Recorded data »
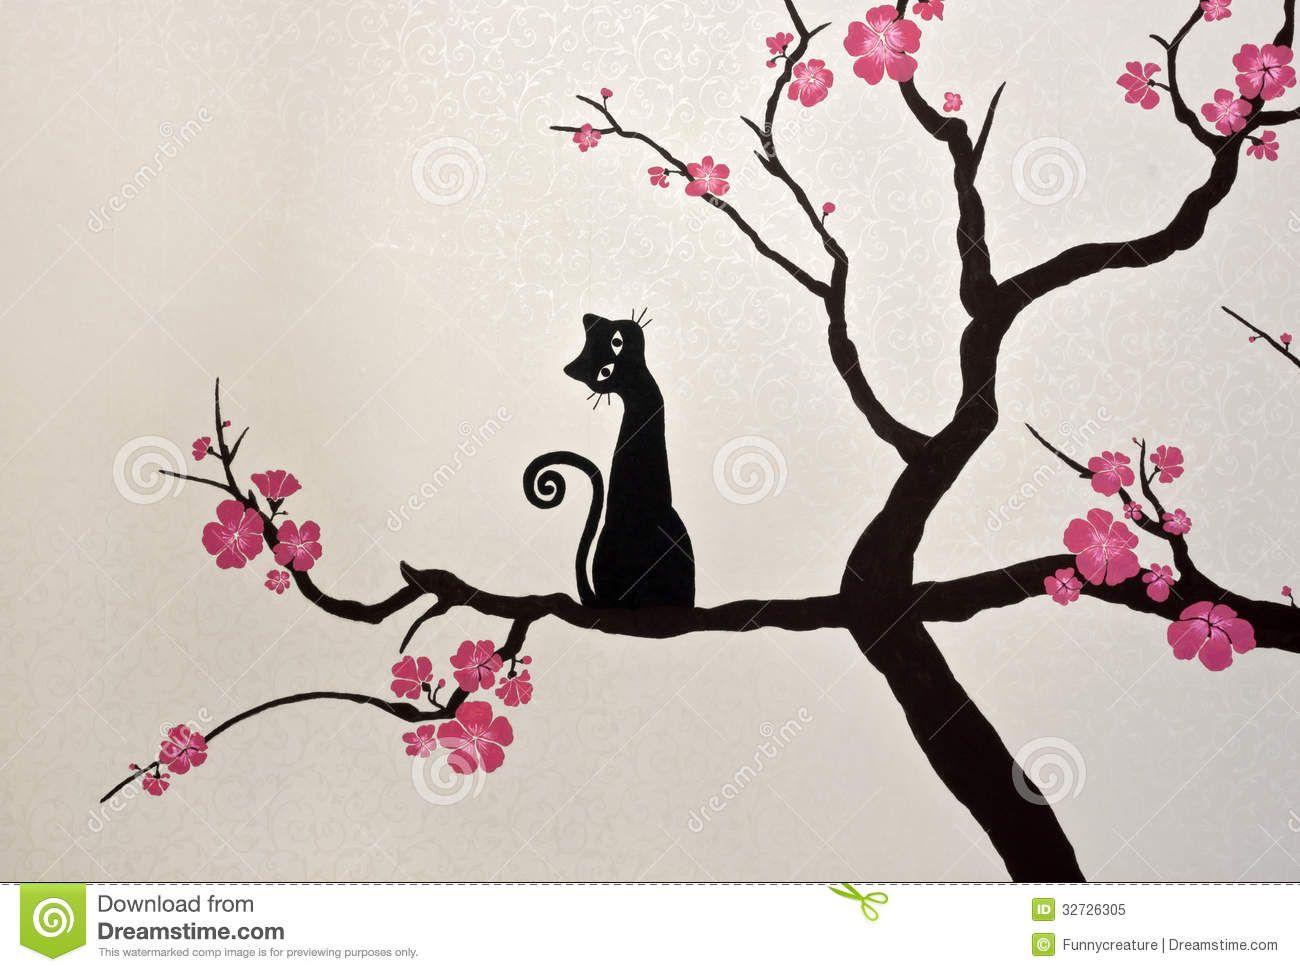 Http Thumbs Dreamstime Com Z Cat Sitting Blooming Sakura Branch Wallpaper Painting Drawing Pink Flowers P Pink Flower Painting Flower Drawing Flower Painting
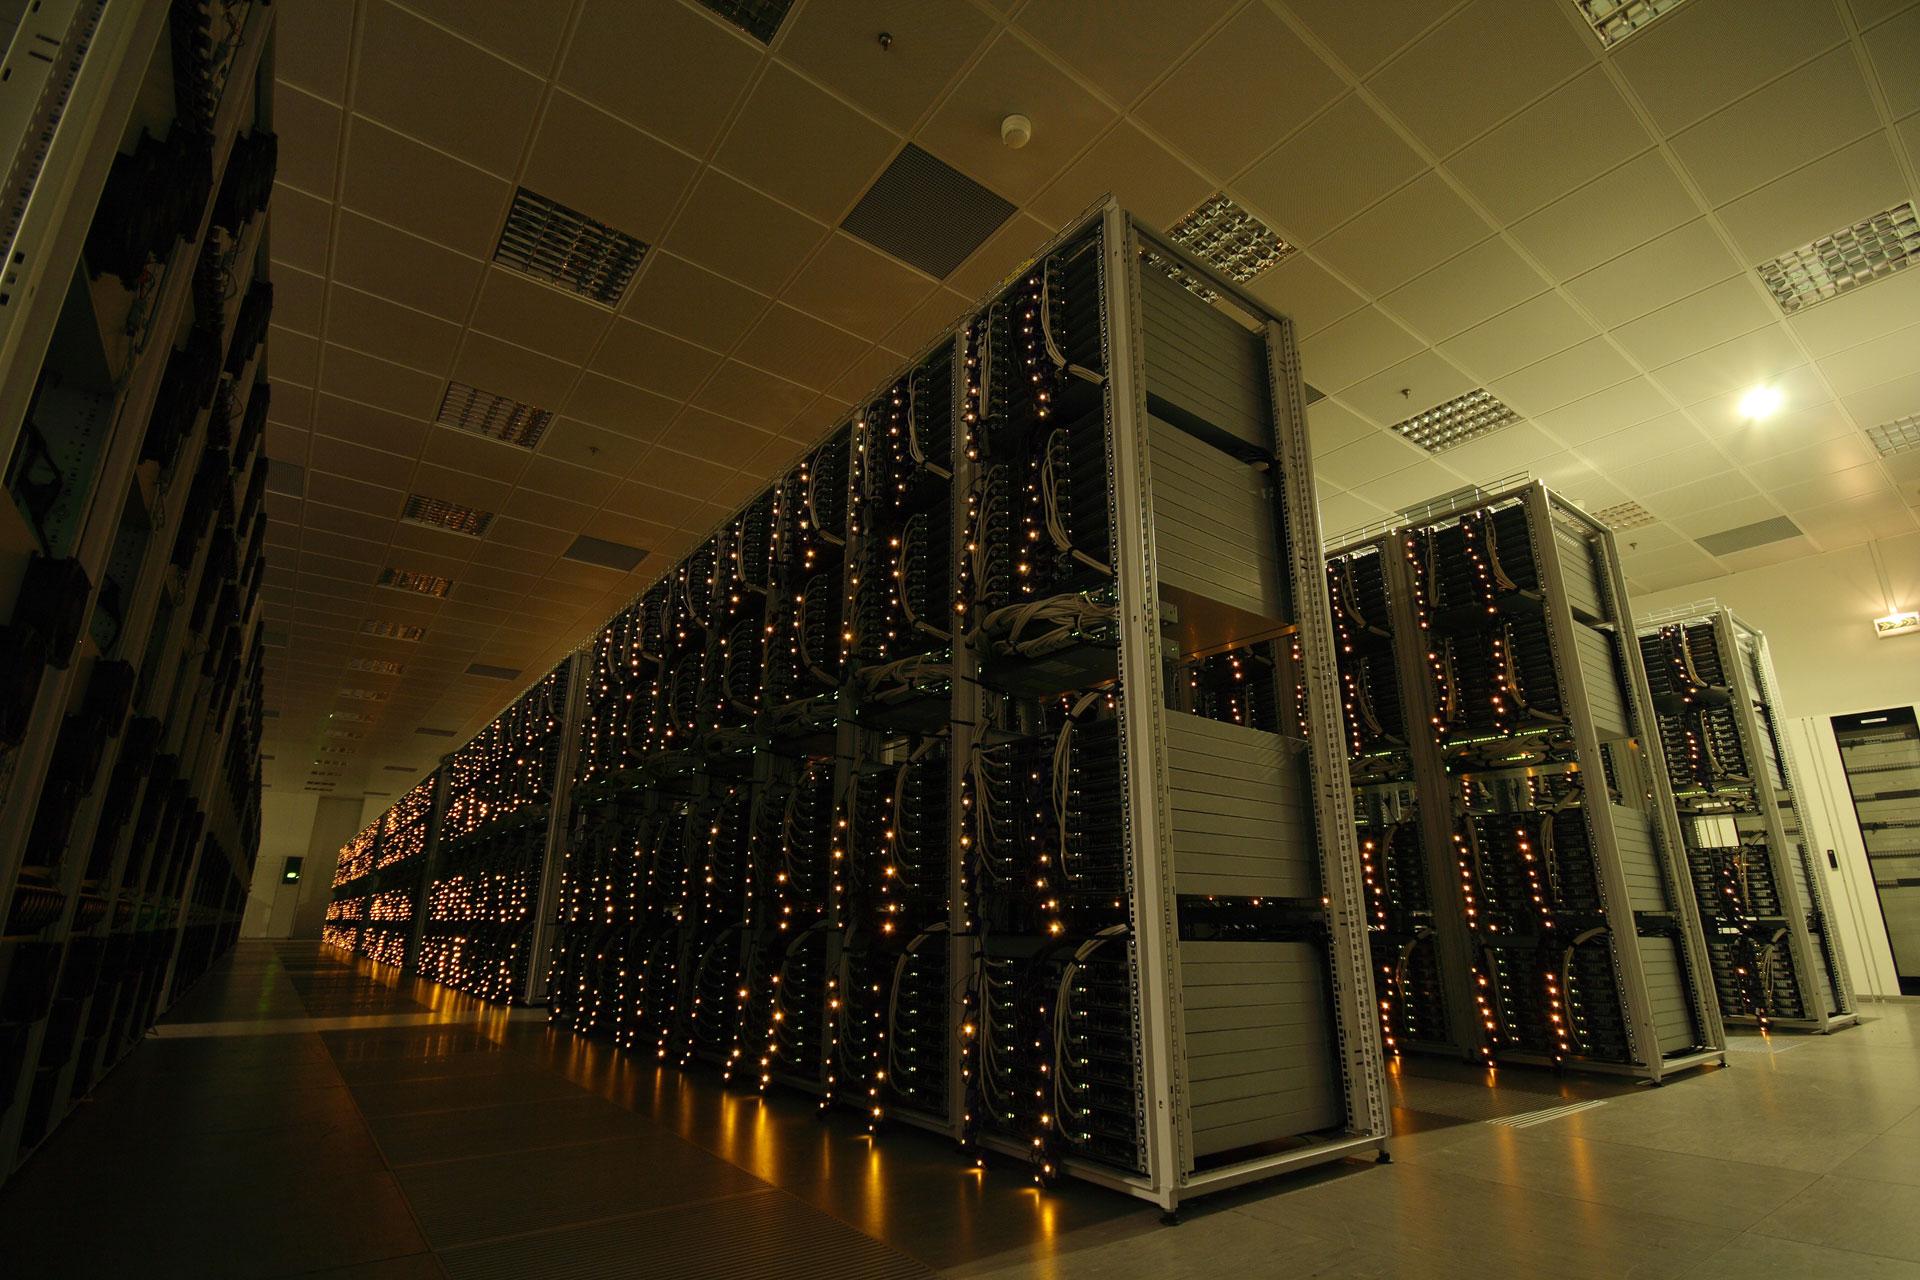 6 dedicated server
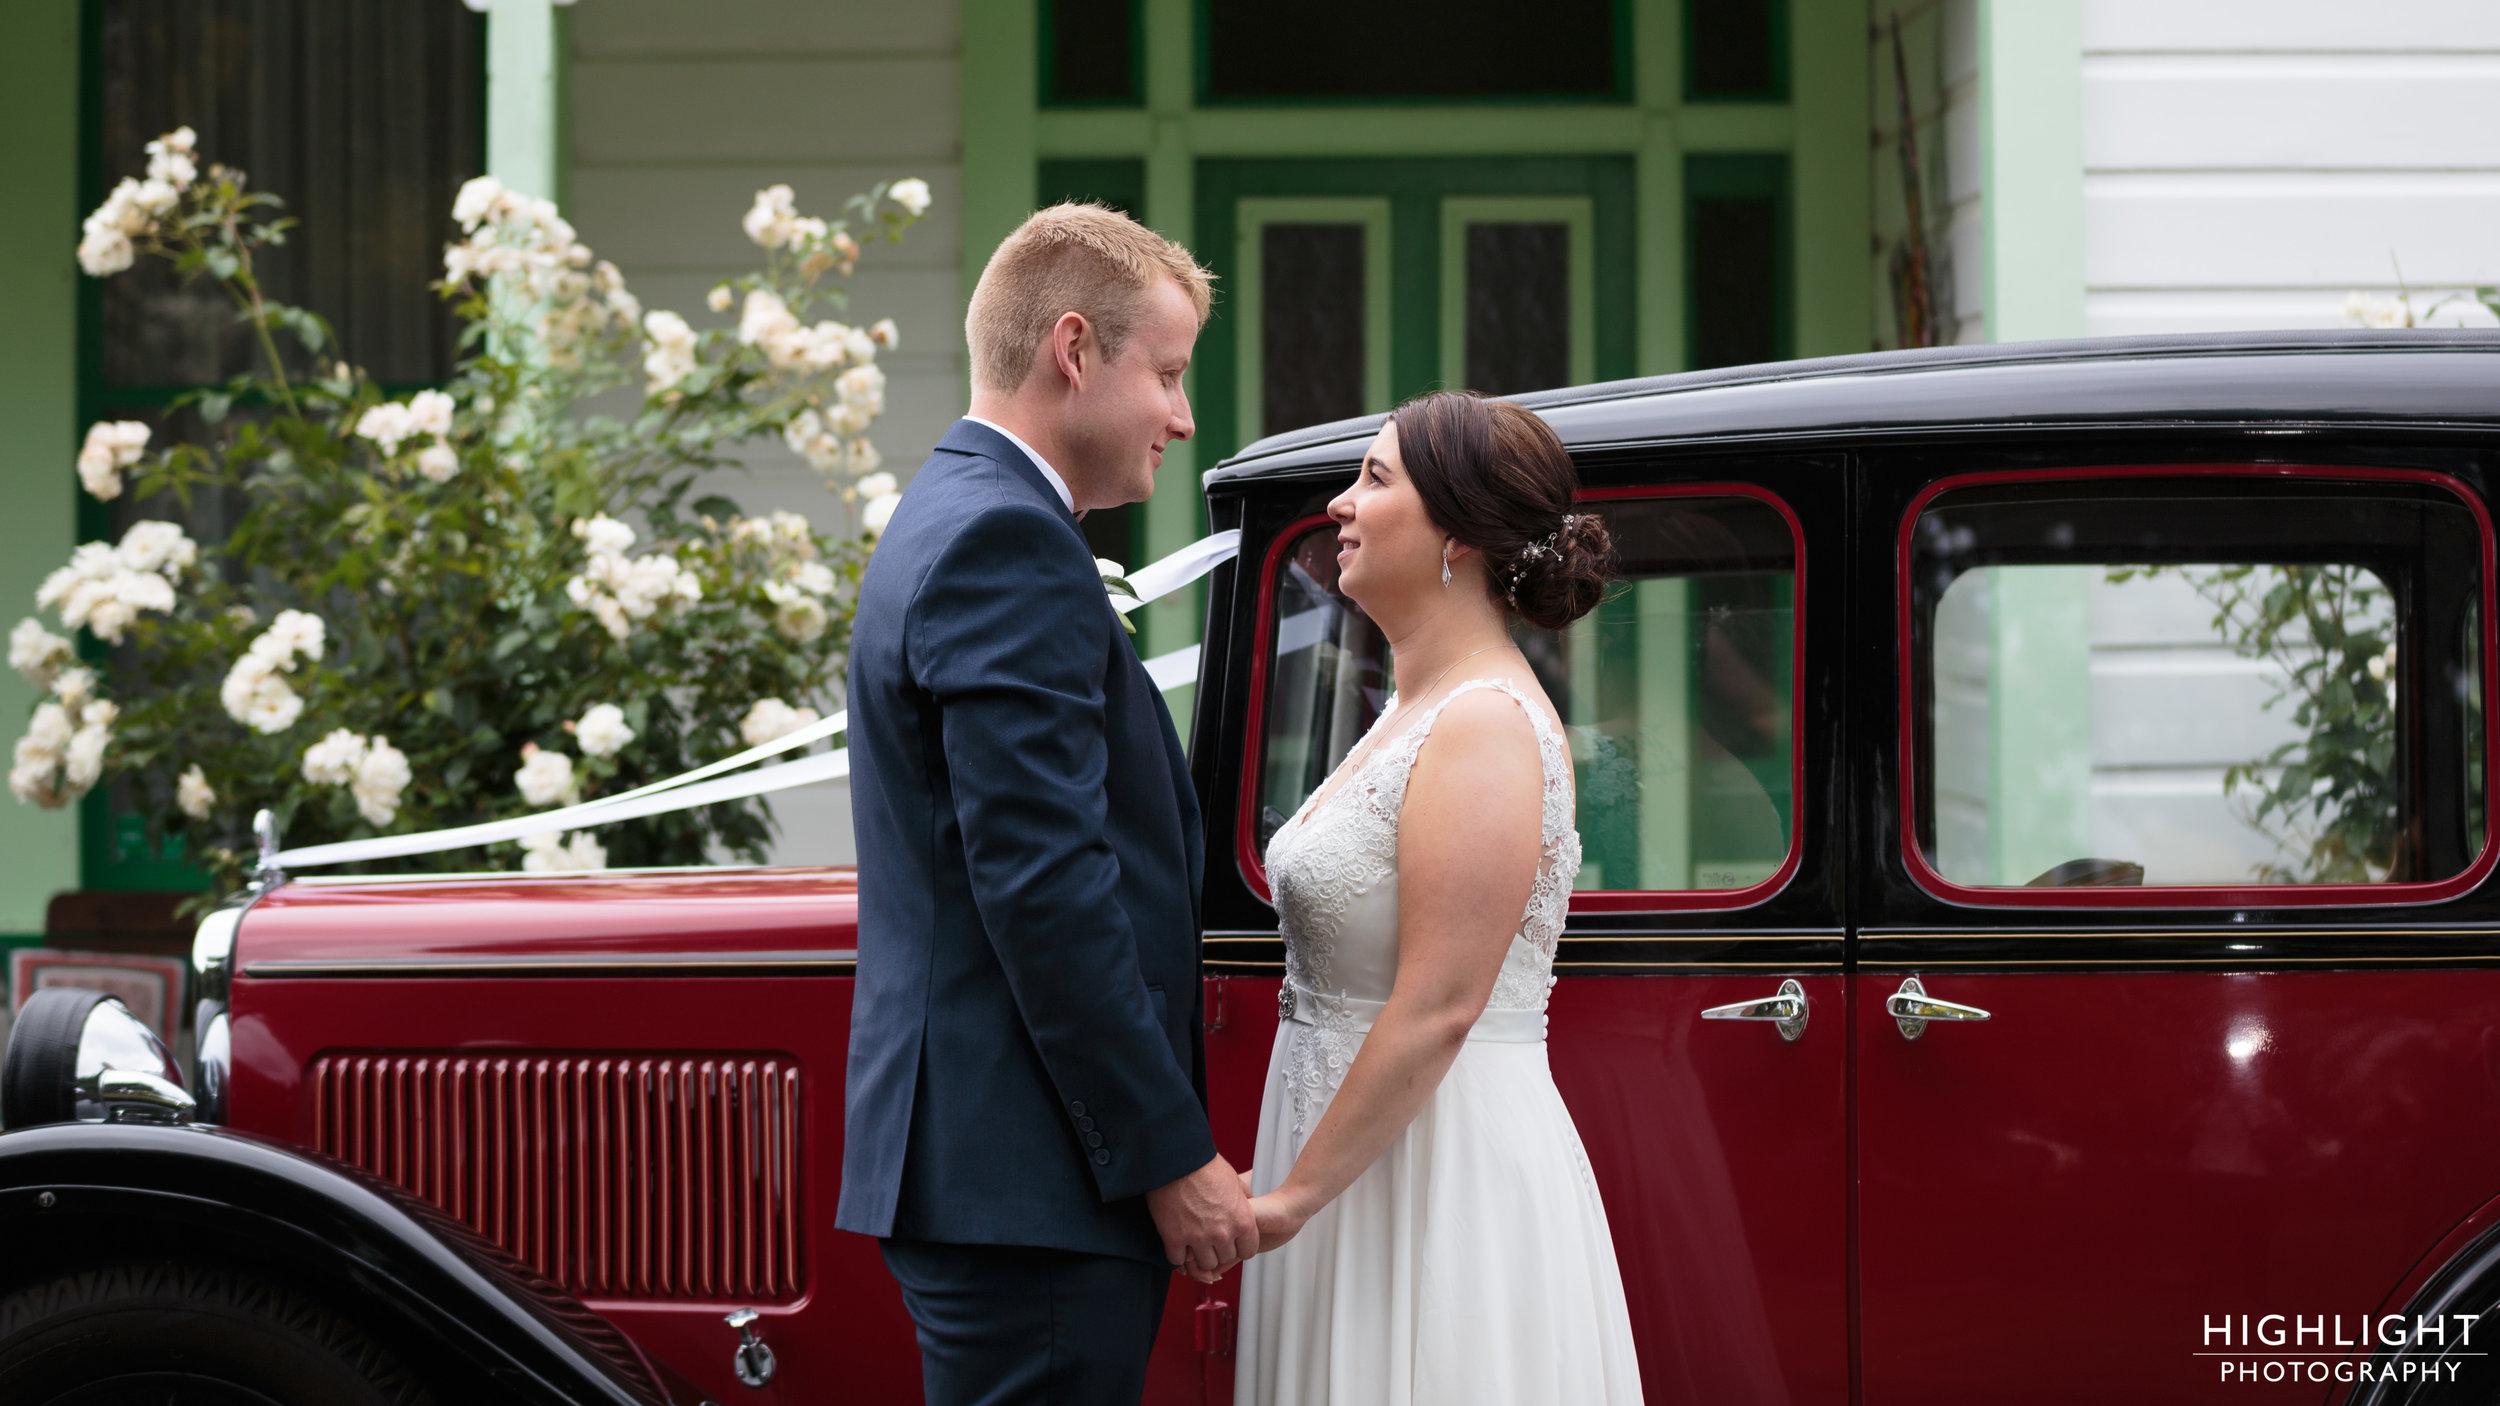 JM-2017-Highlight-wedding-photography-palmerston-north-new-zealand-146.jpg
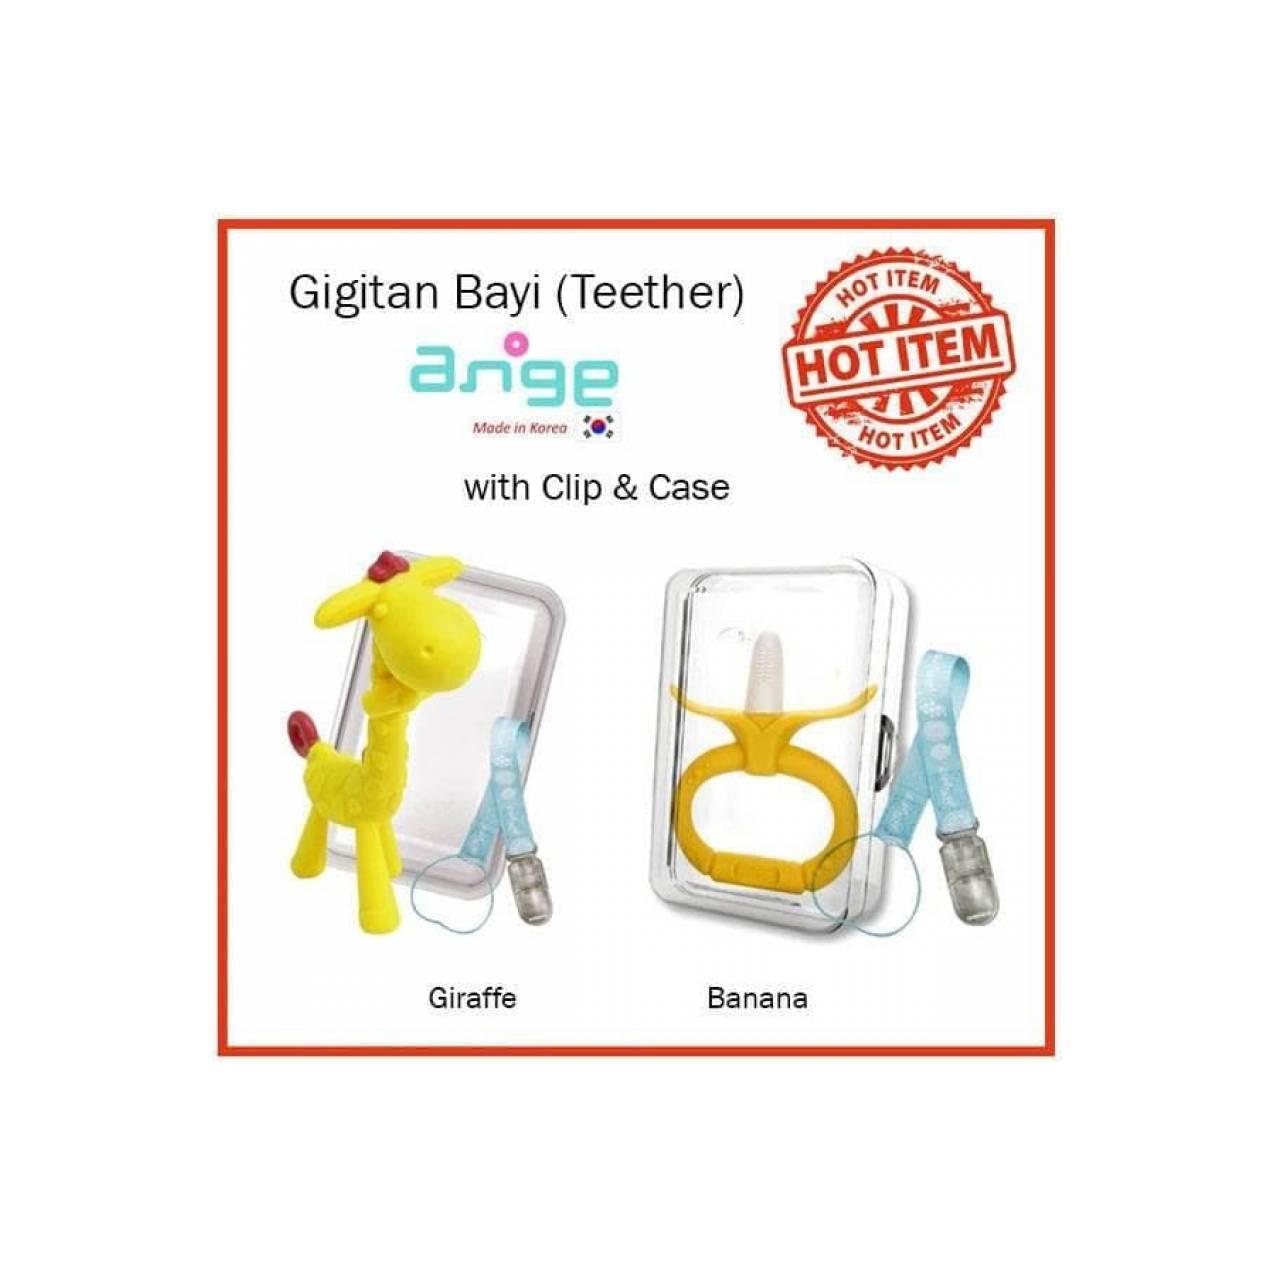 Baby Banana Toothbrush Sikat Gigi Bayi Teether Perlengkapan Com And Source Gigitan Ange Big

Required work »
A faithful copy of all the lines above is needed, with the pictures omitted.

Result below »
 Http Thumbs Dreamstime Com Z Cat Sitting Blooming Sakura Branch Wallpaper Painting Drawing Pink Flowers P Pink Flower Painting Flower Drawing Flower Painting
 6 dedicated server
 JM-2017-Highlight-wedding-photography-palmerston-north-new-zealand-146.jpg
 Baby Banana Toothbrush Sikat Gigi Bayi Teether Perlengkapan Com And Source Gigitan Ange Big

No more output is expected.